Development of ultrasensitive micro- and nano-electromechanical systems (MEMS/NEMS) has resulted in ultra-high detection sensitivity, offering sub nanometer scale displacement detection, zeptogram level mass sensing, single bio-molecular sensing, and atomic resolution imaging. Micro and nanocantilevers, as MEMS/NEMS transducers, have been used extensively for these sensing applications. Optical transduction of cantilever motion is almost exclusively used to achieve high deflection sensitivity (in the femtometer range), but it suffers from high power requirement, challenges with miniaturization and array based operation. Femtometer scale displacement detection using nanocantilevers operating at several hundred MHz has been demonstrated, but is limited by its challenging fabrication and integration schemes, coupled with complicacies of impedance matching for high frequency signal transmission.
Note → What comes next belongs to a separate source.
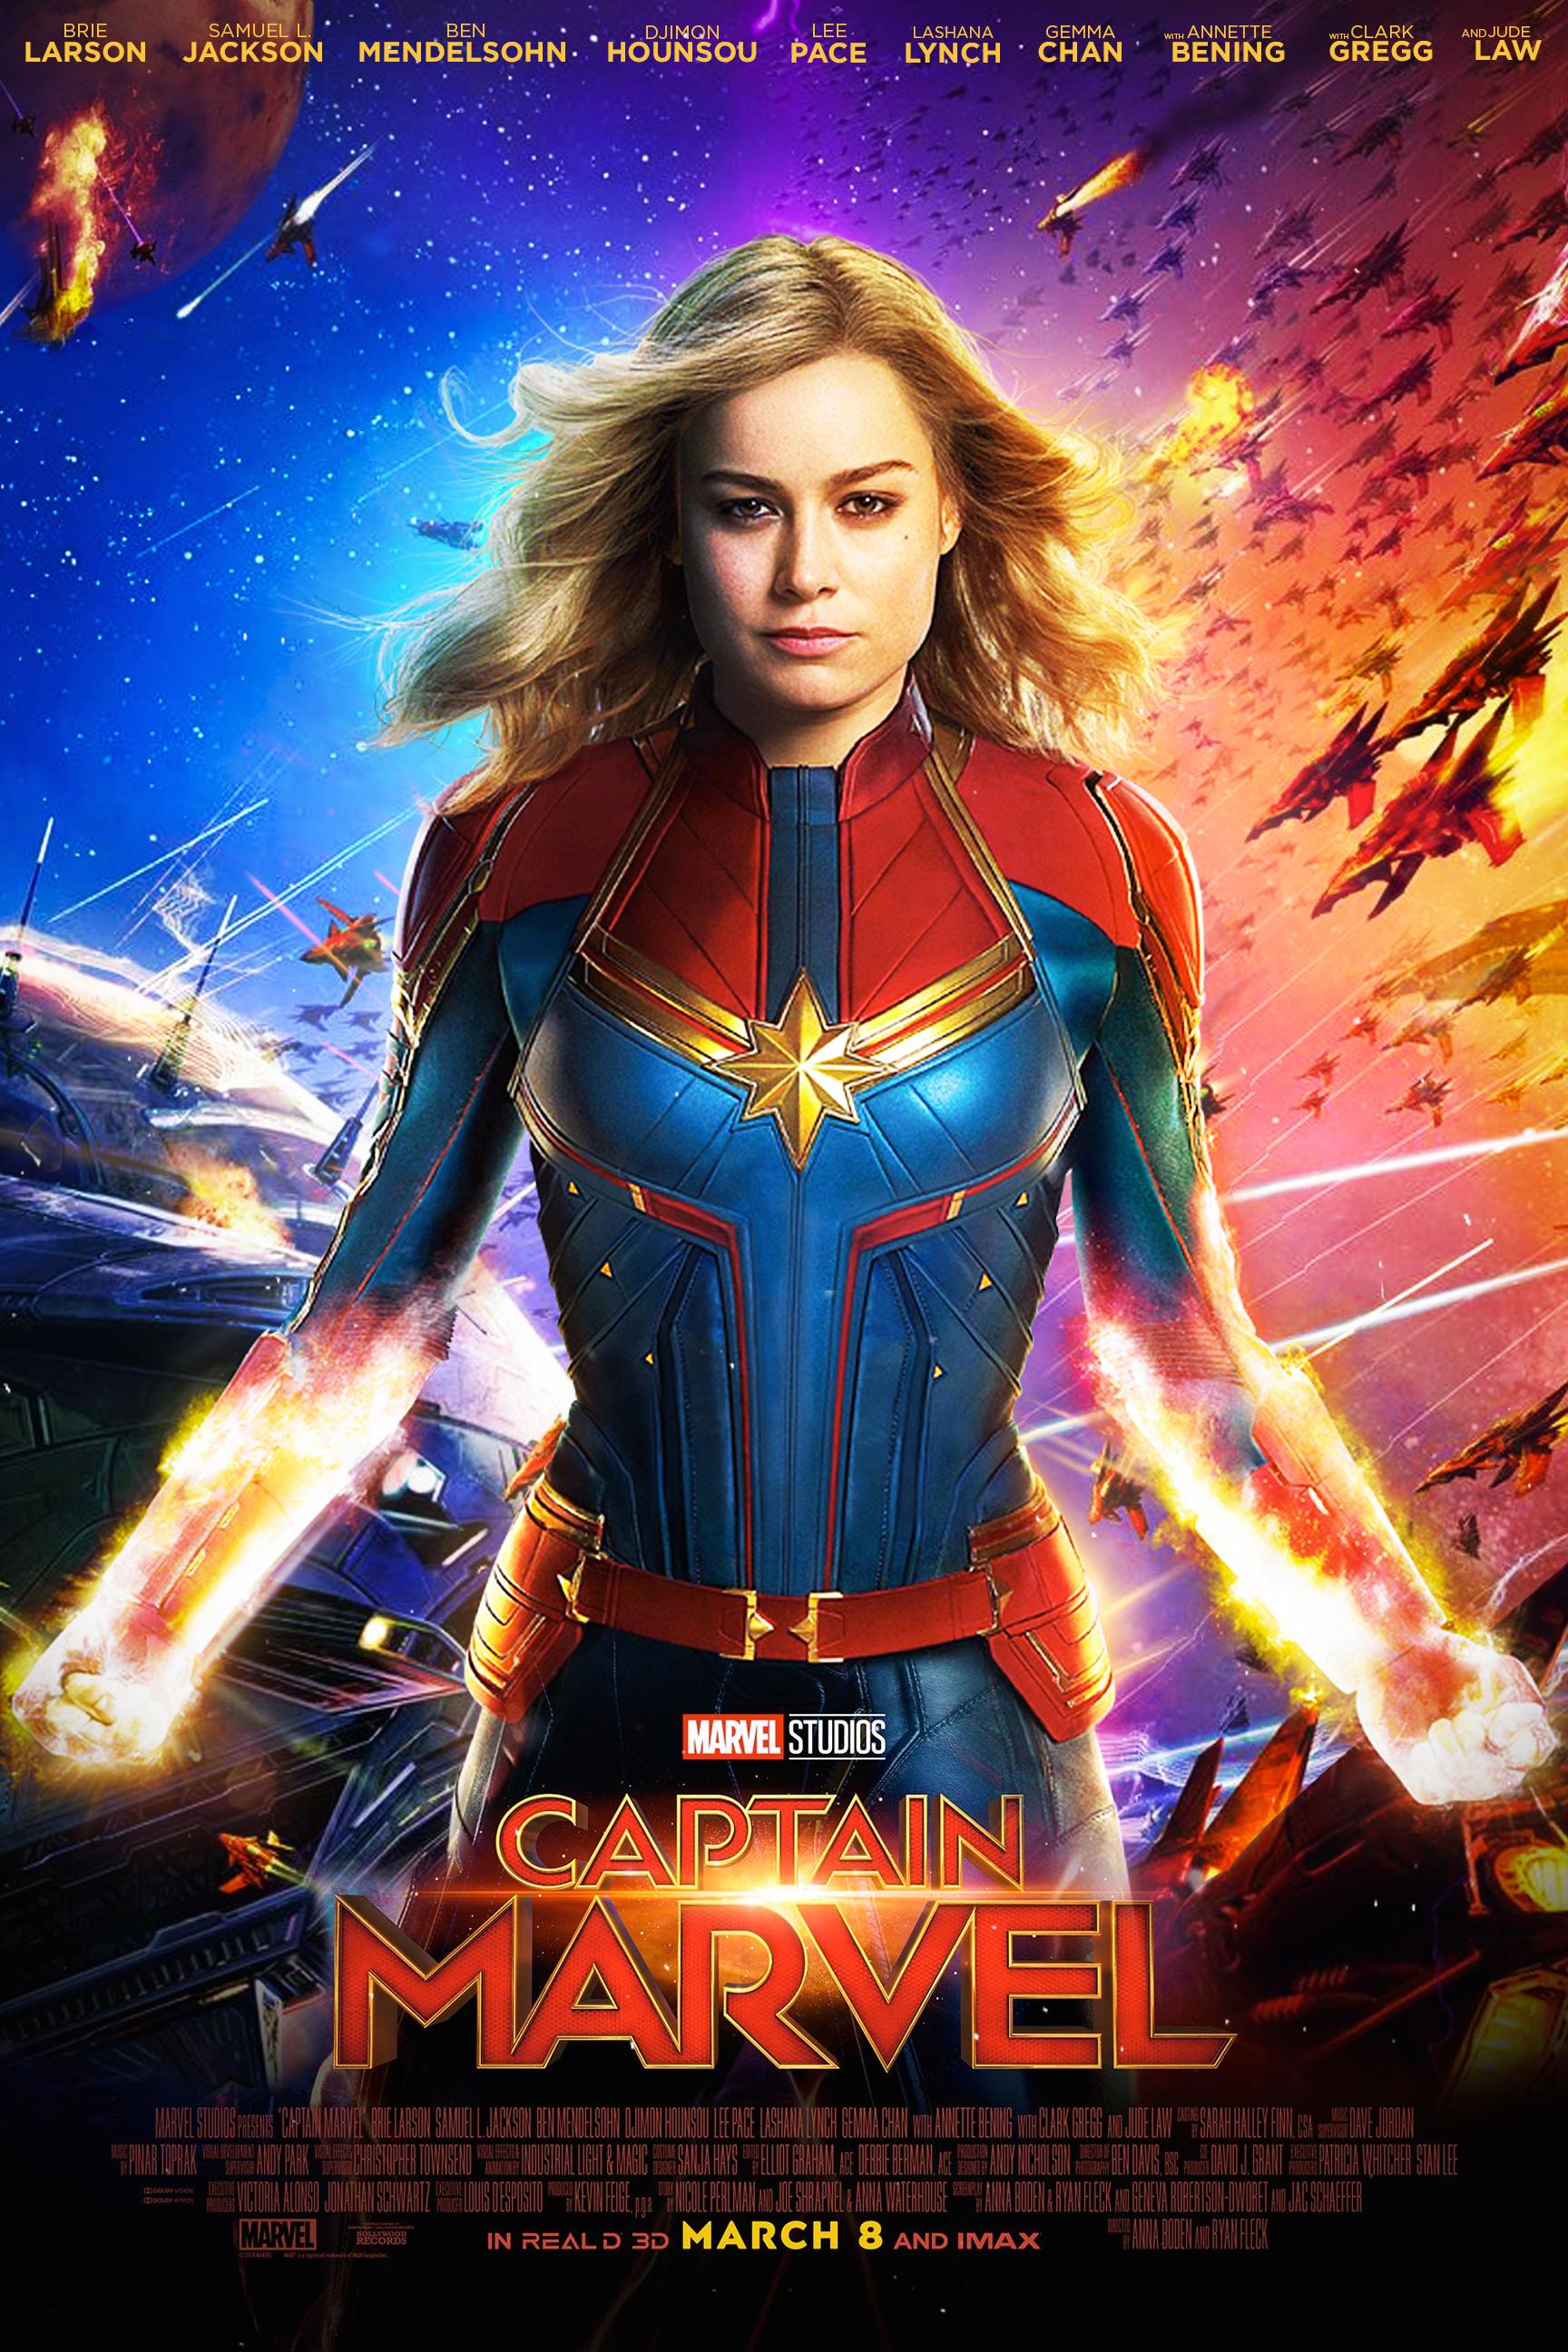 captain marvel streaming cb01 hd ita film altadefinizione gratis

Silicon (Si) based piezoresistive microcantilevers have been developed which are easily integrated for array based operation, but have low sensitivity offering displacement resolution in the range of nanometers.
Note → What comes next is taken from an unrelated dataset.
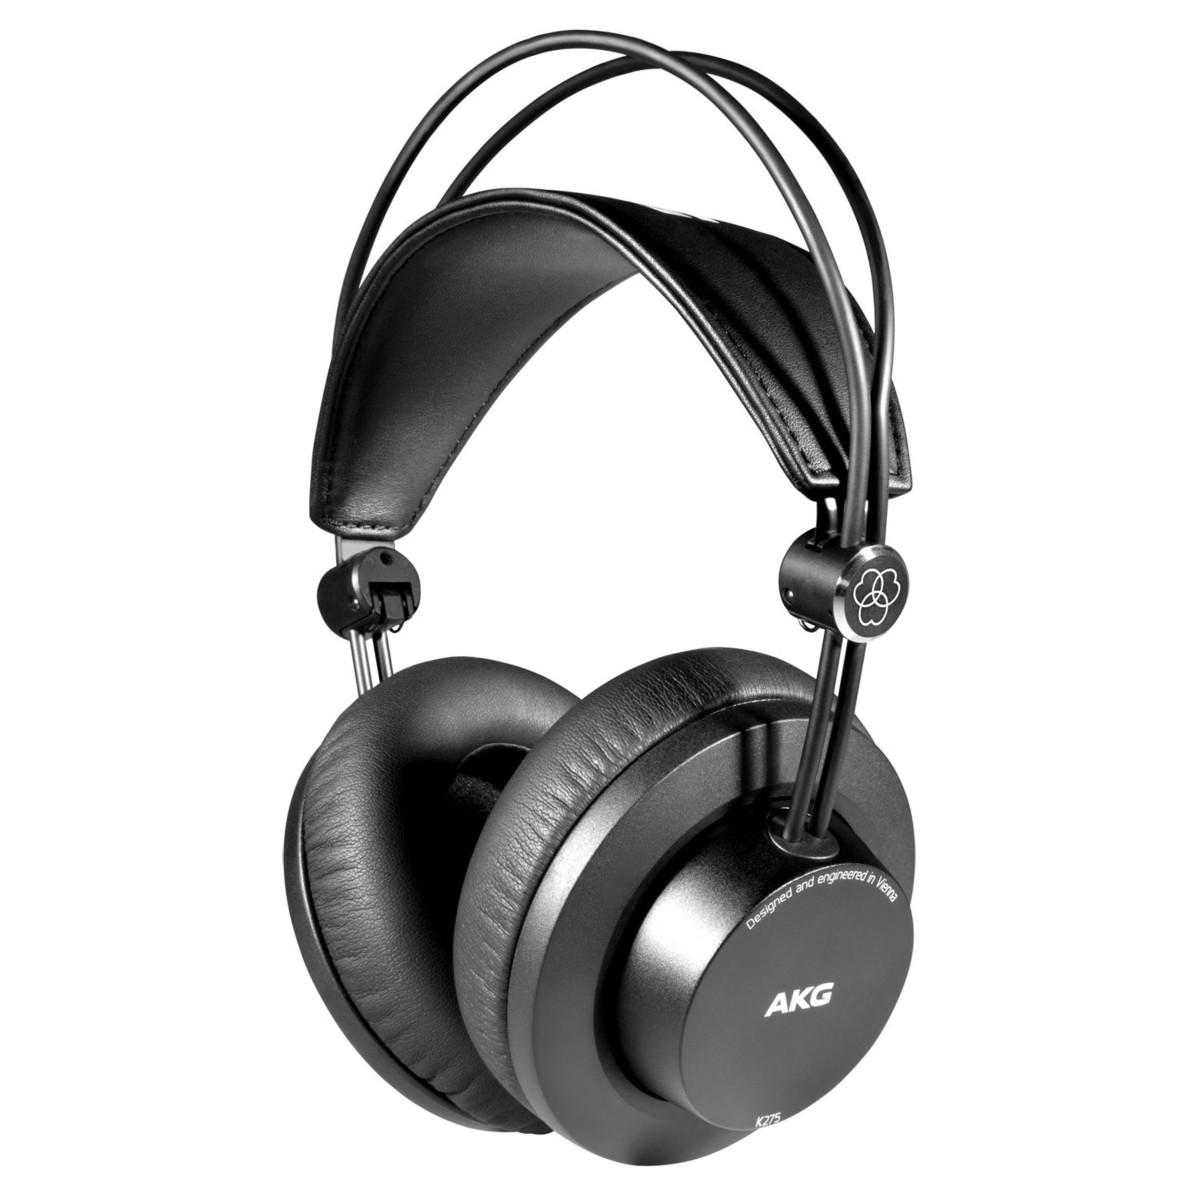 AKG K275 cuffie. AKG K275 Headphones - Angled. Loading zoom a8923e2e70d1

Instead of a simple piezoresistor, embedding a transistor at the base of the microcantilever (henceforth to be called a “piezotransistive” microcantilever) to transduce its deflection is an attractive way to dramatically improve its sensitivity by orders of magnitude, since the gate can be utilized to control the charge carrier density and the mobility of the carriers in the channel.
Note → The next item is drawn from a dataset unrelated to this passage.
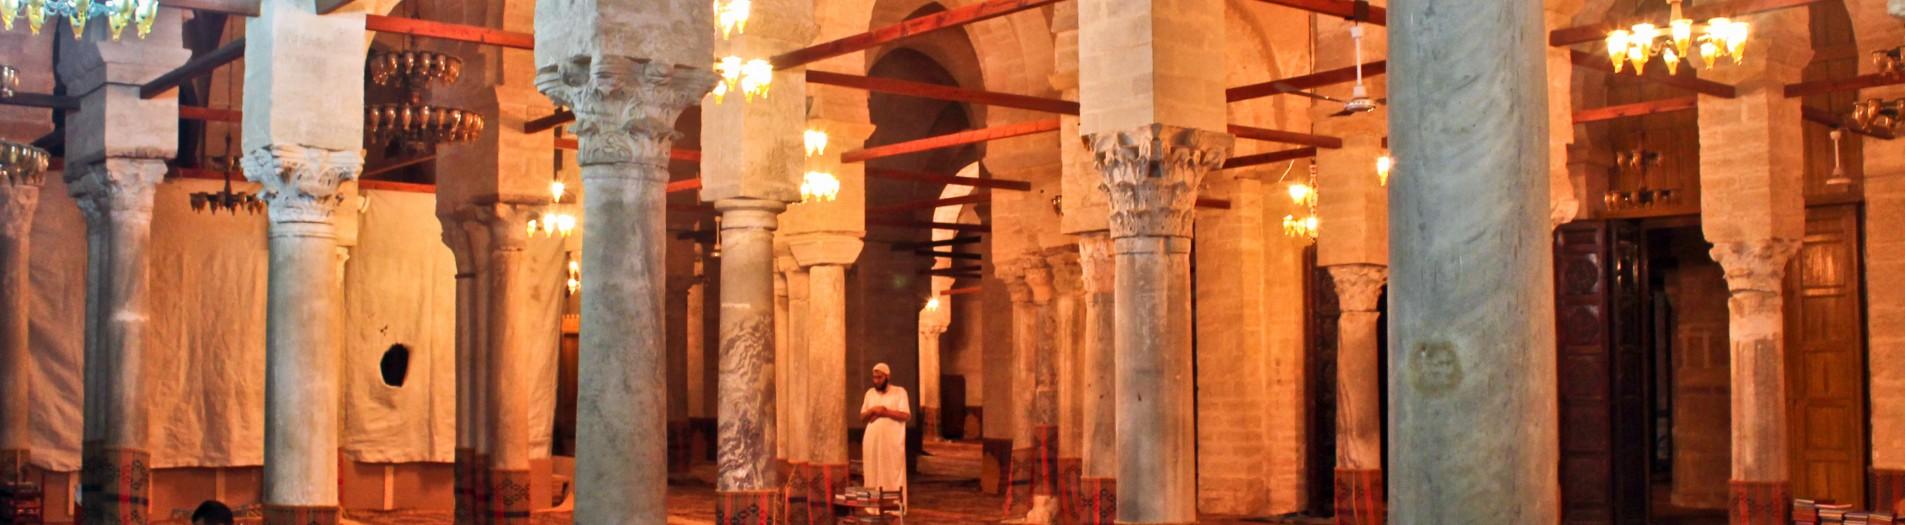 La grande mosquée de Sfax durant Ramadan

Recently, metal oxide semiconductor field effect transistor (MOSFET) integrated Si cantilevers have been proposed with the goal of achieving very high deflection sensitivity while avoiding the challenges associated with the aforementioned techniques. Although these microcantilevers showed high sensitivity in the nm range for step deflections, since its high sensitivity supposedly originated from trapping effects in the MOSFET, it is difficult to reproduce these sensors, or operate them at high frequencies. Indeed, Si based piezotransistive microcantilevers are theoretically incapable of exhibiting direct sensitivity enhancement through gate control, since the piezoresistive effects in Si originate from the variation in carrier mobility due to strain related splitting of the conduction band minima energy levels. On the other hand, piezotransistive cantilevers made of piezoelectric materials can directly utilize the charge density variation caused by the deflection induced strain to exhibit high sensitivity with very high repeatability.
Due to strong piezoelectric properties of AlN and GaN, AlGaN/GaN heterojunction, provides a unique avenue to translate the static piezoelectric charge generated at the interface due to applied strain into a change in resistance of the two dimensional electron gas (2DEG) formed at the interface, since the generated piezoelectric charge can proportionately modulate the density of the 2DEG. In addition to changing the carrier density, the applied strain can also change the carrier mobility by changing their effective mass. The utility of AlGaN/GaN heterojunction based piezoresistor (for step bending and dynamic deflection measurements) and piezotransistor (for static deflection measurements) has been demonstrated, however, the effect of gate in enhancing displacement sensitivity down to femtometer range in high frequency dynamic deflection mode, with subsequent applications in unique analyte detection, has never been realized.